**Assignment**
Images are to be excluded from the copy, and the records below reproduced word for word.

**Dataset extract**
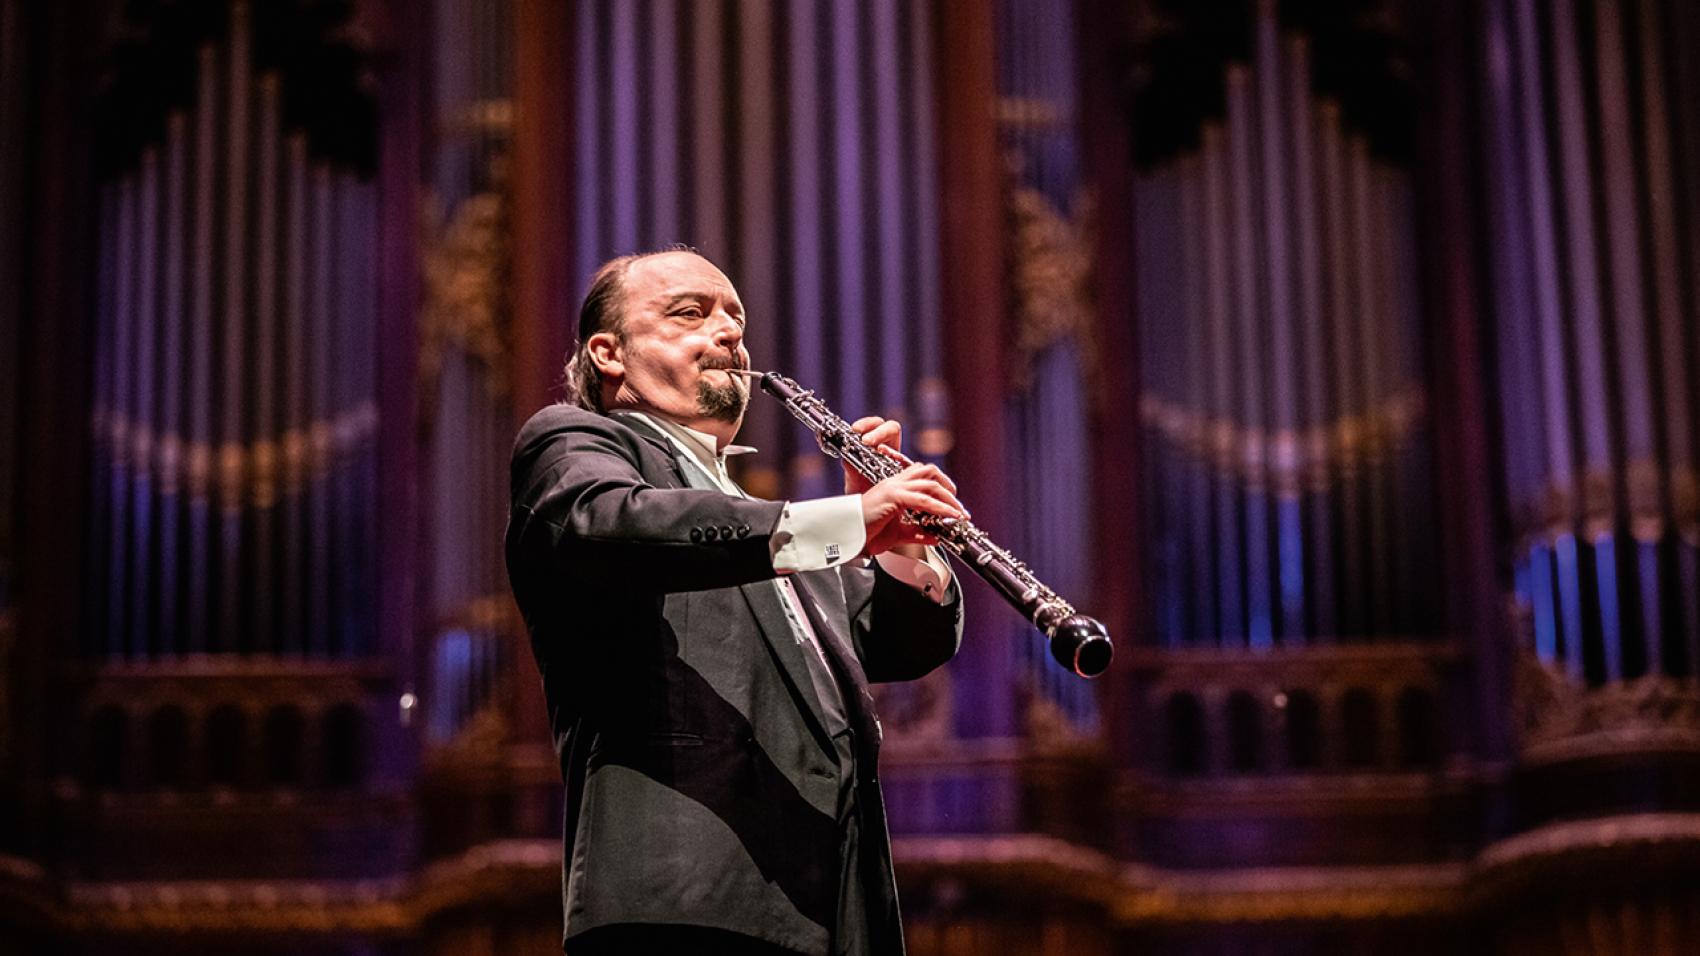 Het Nederlands Kamerorkest o.l.v. hoboïst François Leleux
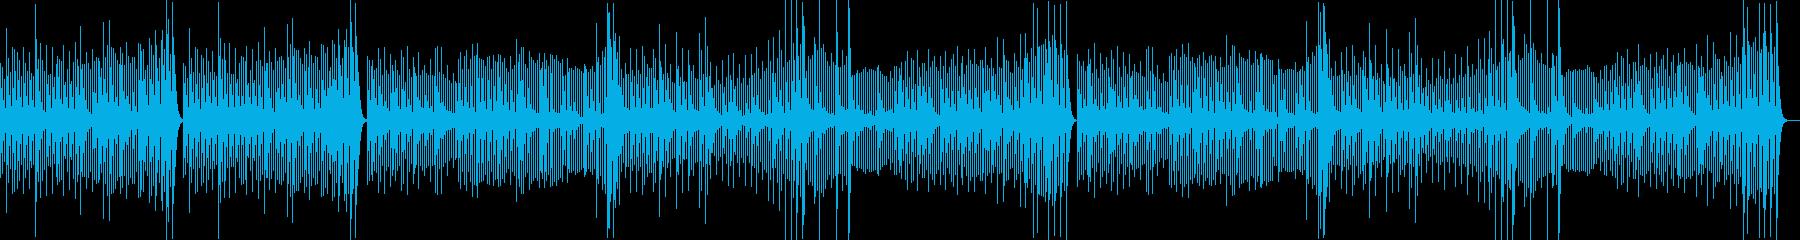 調理シーン向けのクラシック曲02の再生済みの波形
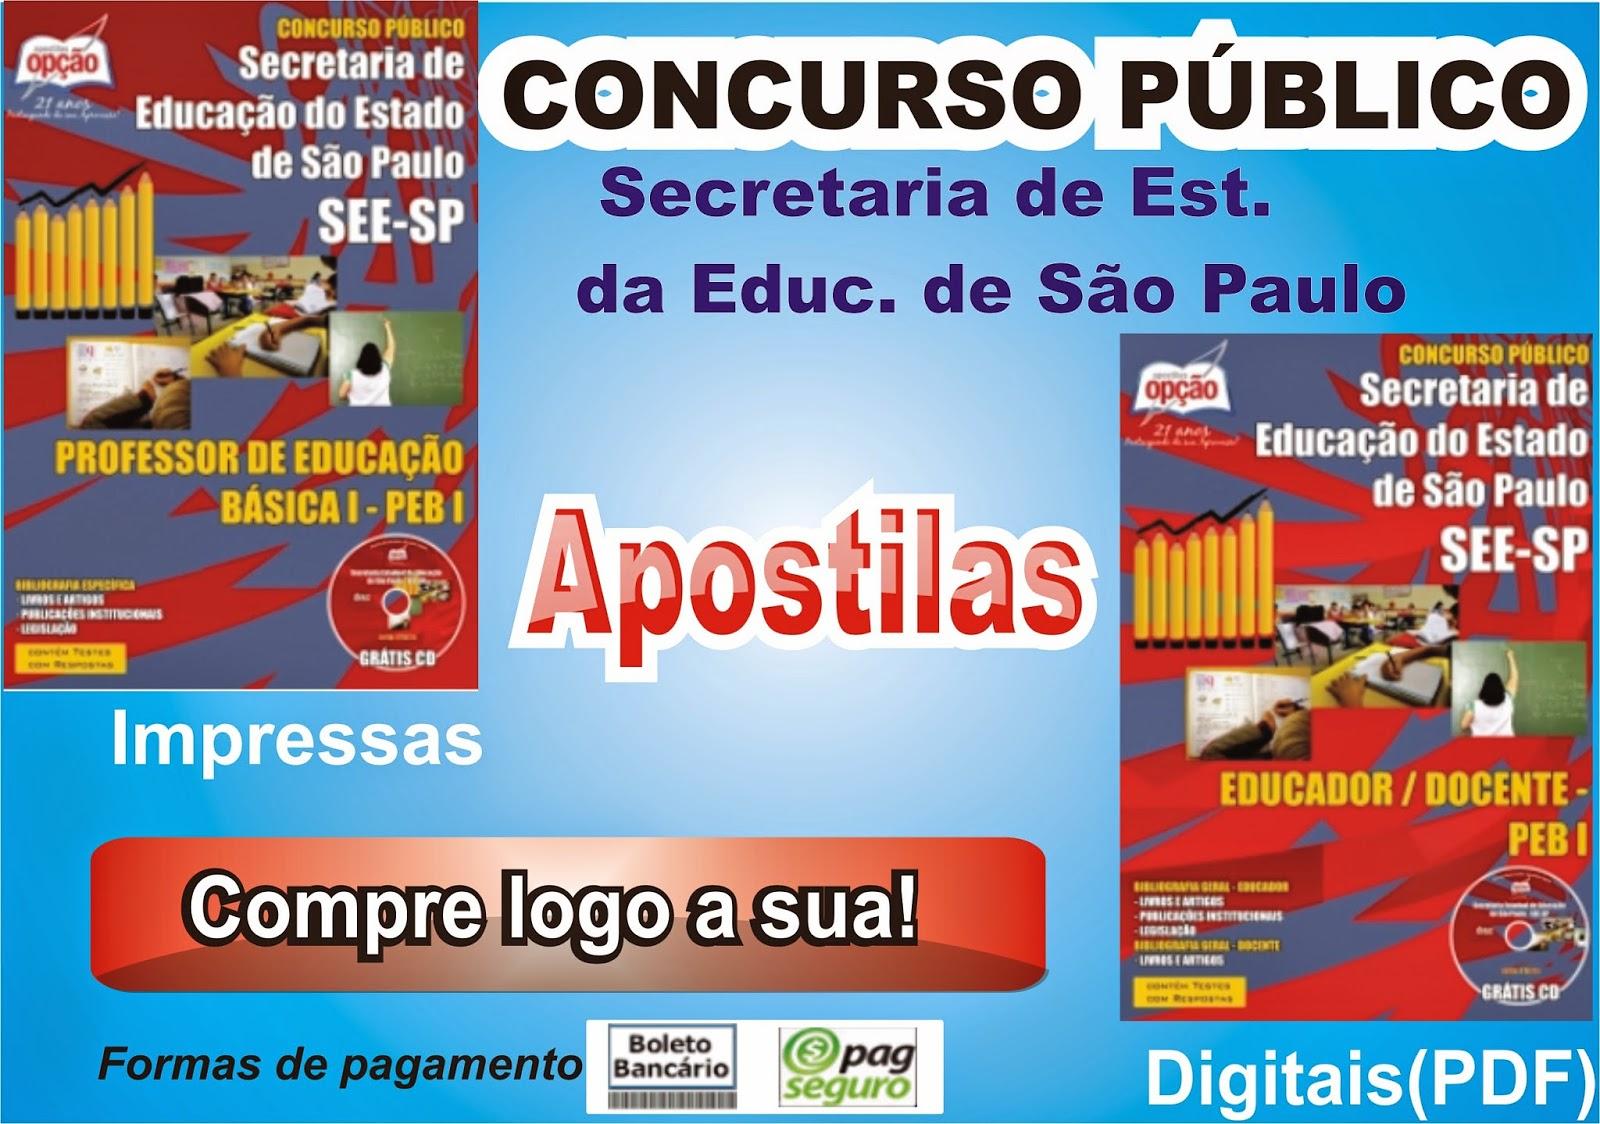 http://www.apostilasopcao.com.br/apostilas/1011/1782/instituto-federal-do-parana-ifpr/assistente-de-administracao.php?afiliado=2561
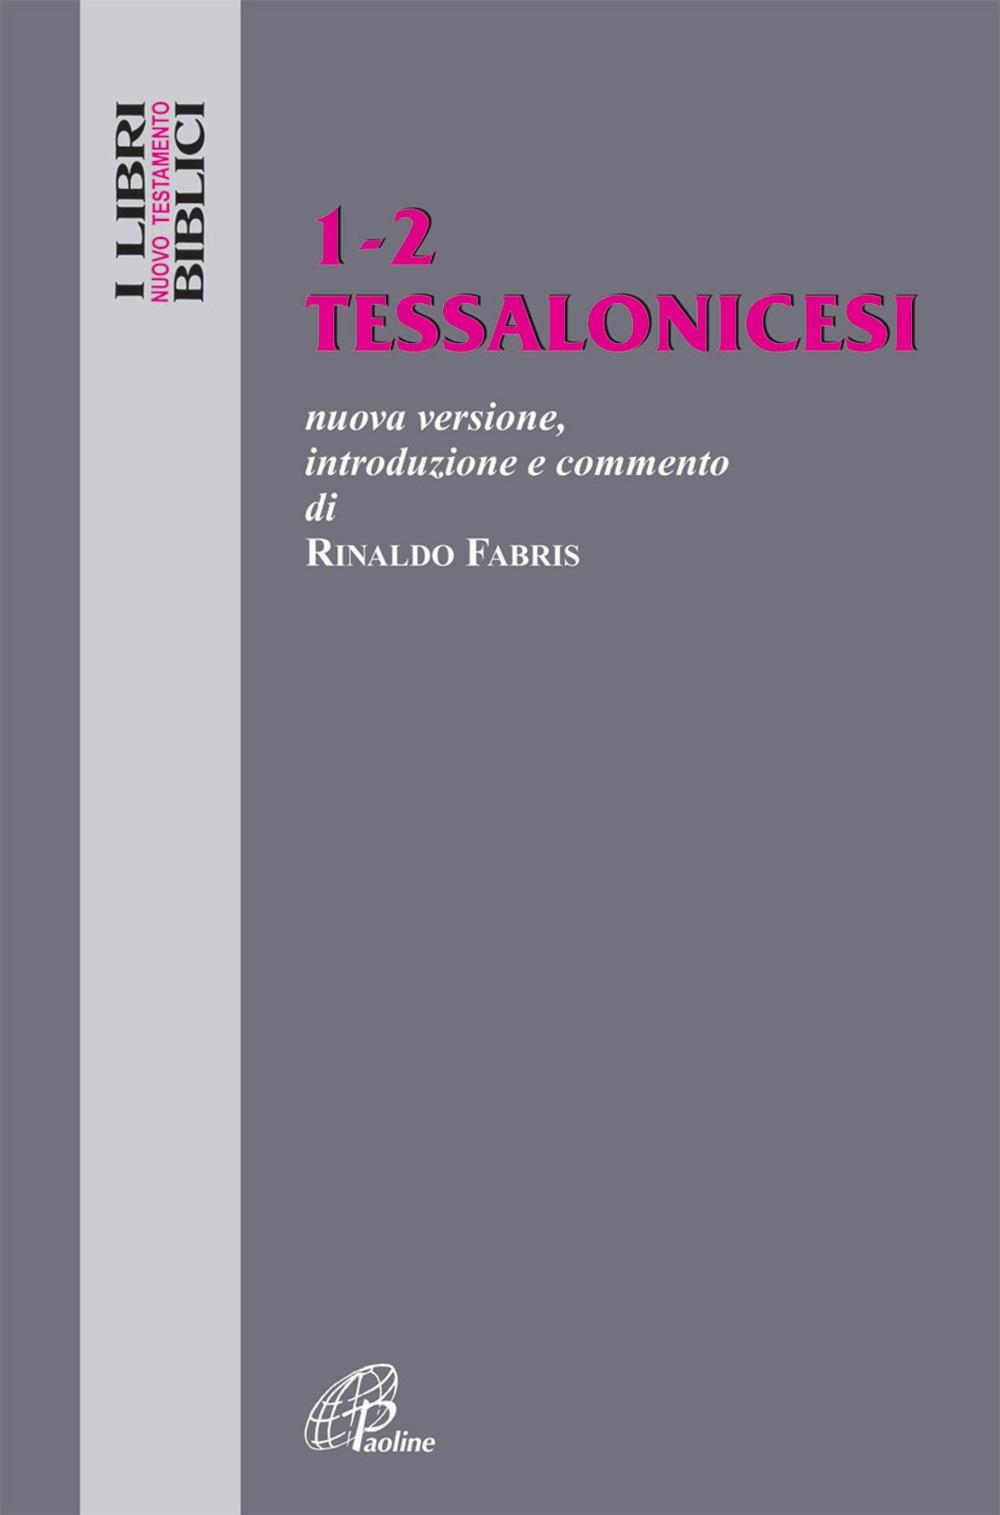 Tessalonicesi 1-2. Nuovissima Versione, Introduzione e Commento
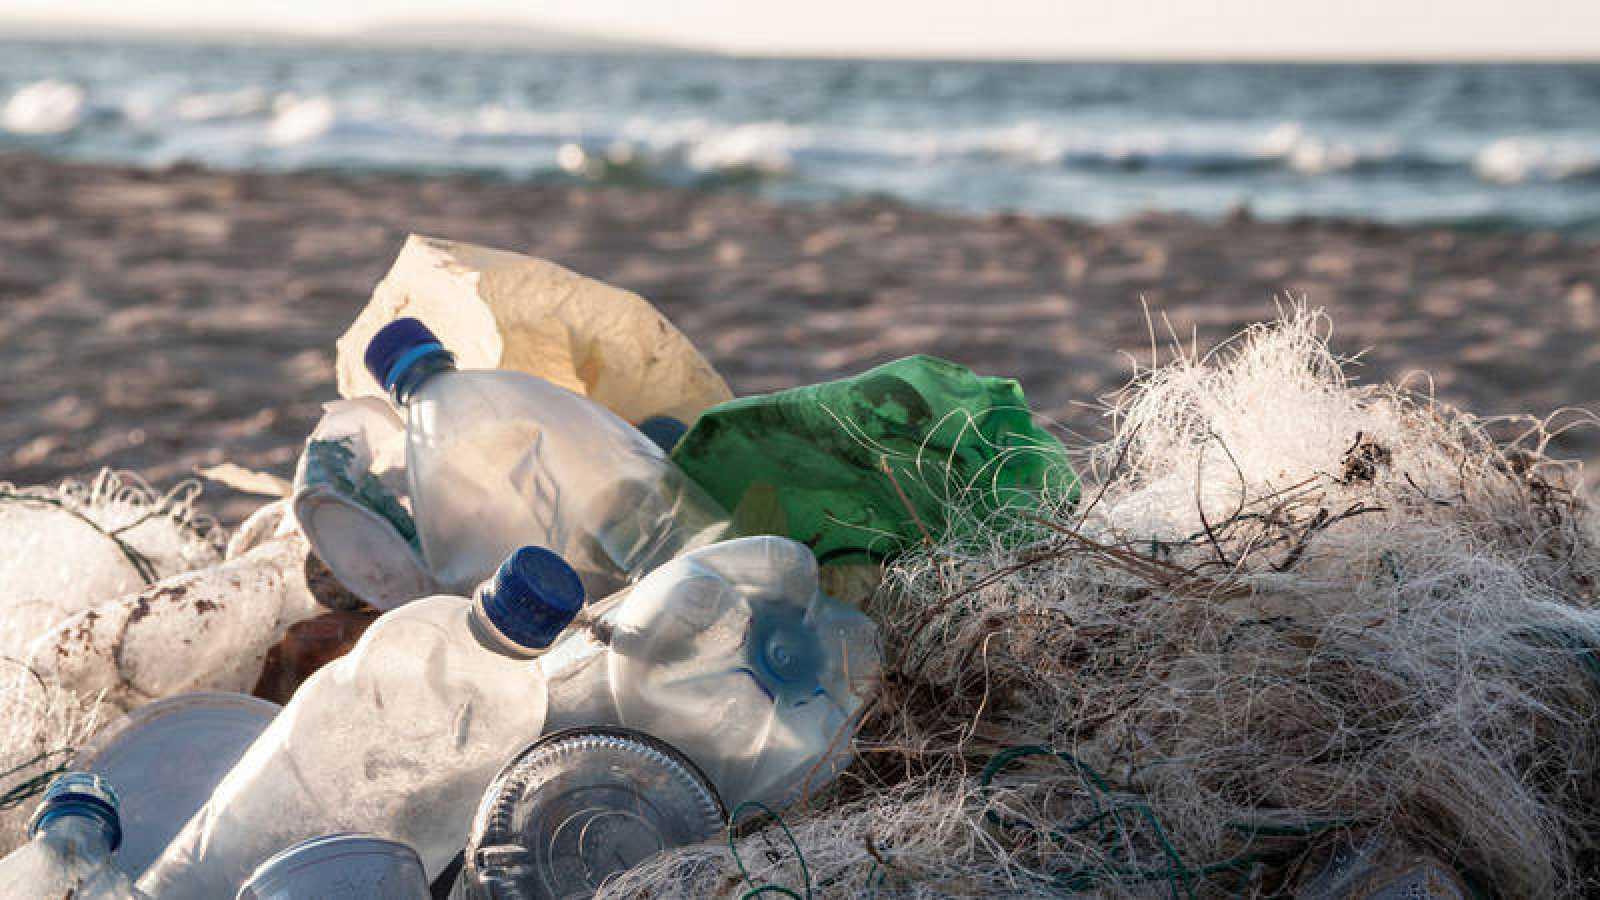 Los enredos de plástico relacionados con la pesca, como las redes, han contribuido de forma significativa al incremento observado.
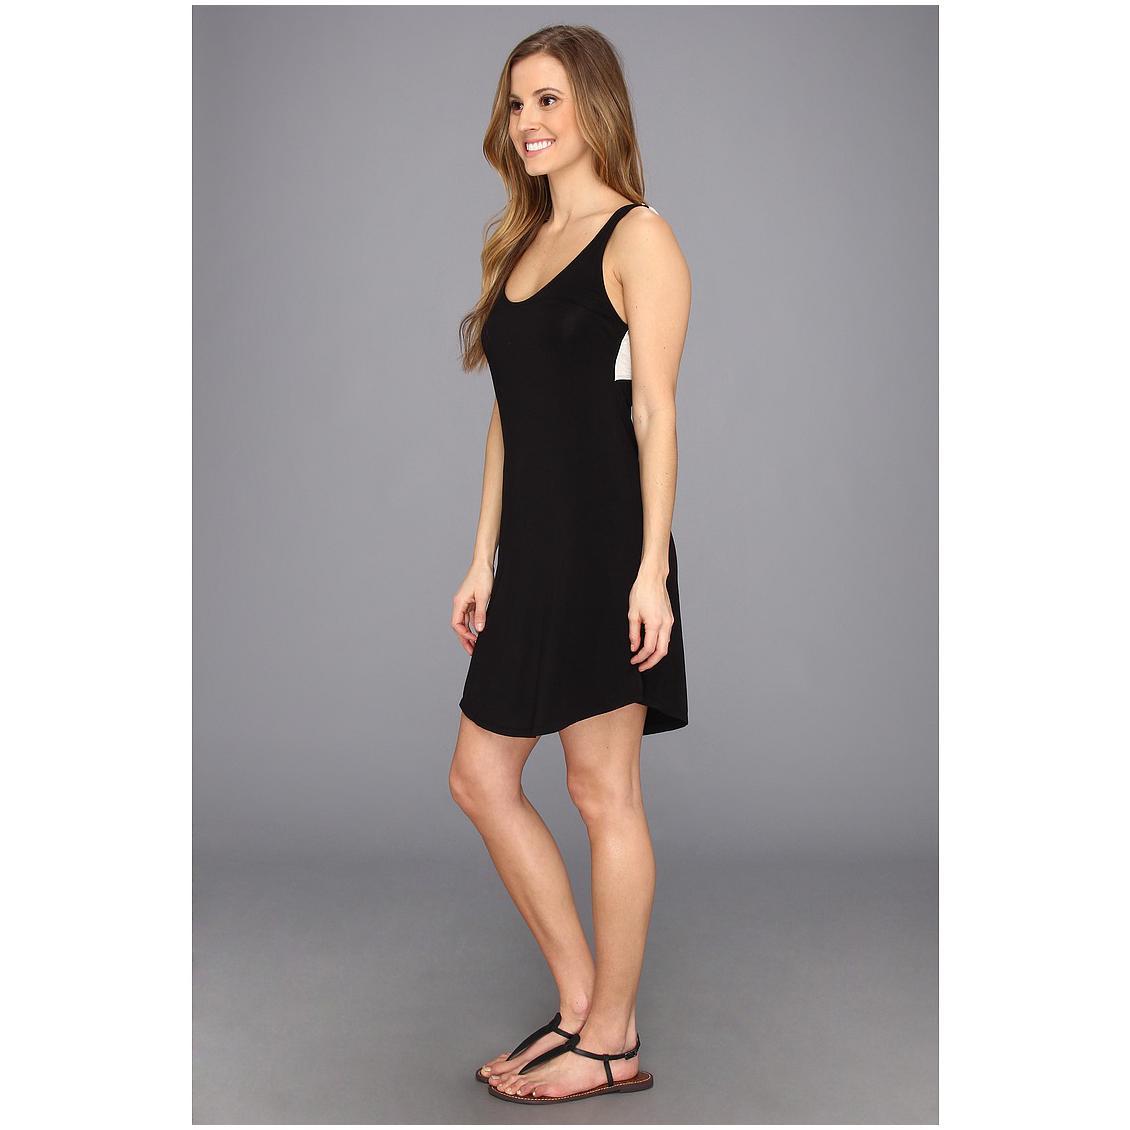 model boyish dress pendek tanpa lengan hitam simpel

**Answer to the problem**
 Het Nederlands Kamerorkest o.l.v. hoboïst François Leleux
 調理シーン向けのクラシック曲02の再生済みの波形
 http://www.apostilasopcao.com.br/apostilas/1011/1782/instituto-federal-do-parana-ifpr/assistente-de-administracao.php?afiliado=2561
 Tessalonicesi 1-2. Nuovissima Versione, Introduzione e Commento
 Los enredos de plástico relacionados con la pesca, como las redes, han contribuido de forma significativa al incremento observado.
 model boyish dress pendek tanpa lengan hitam simpel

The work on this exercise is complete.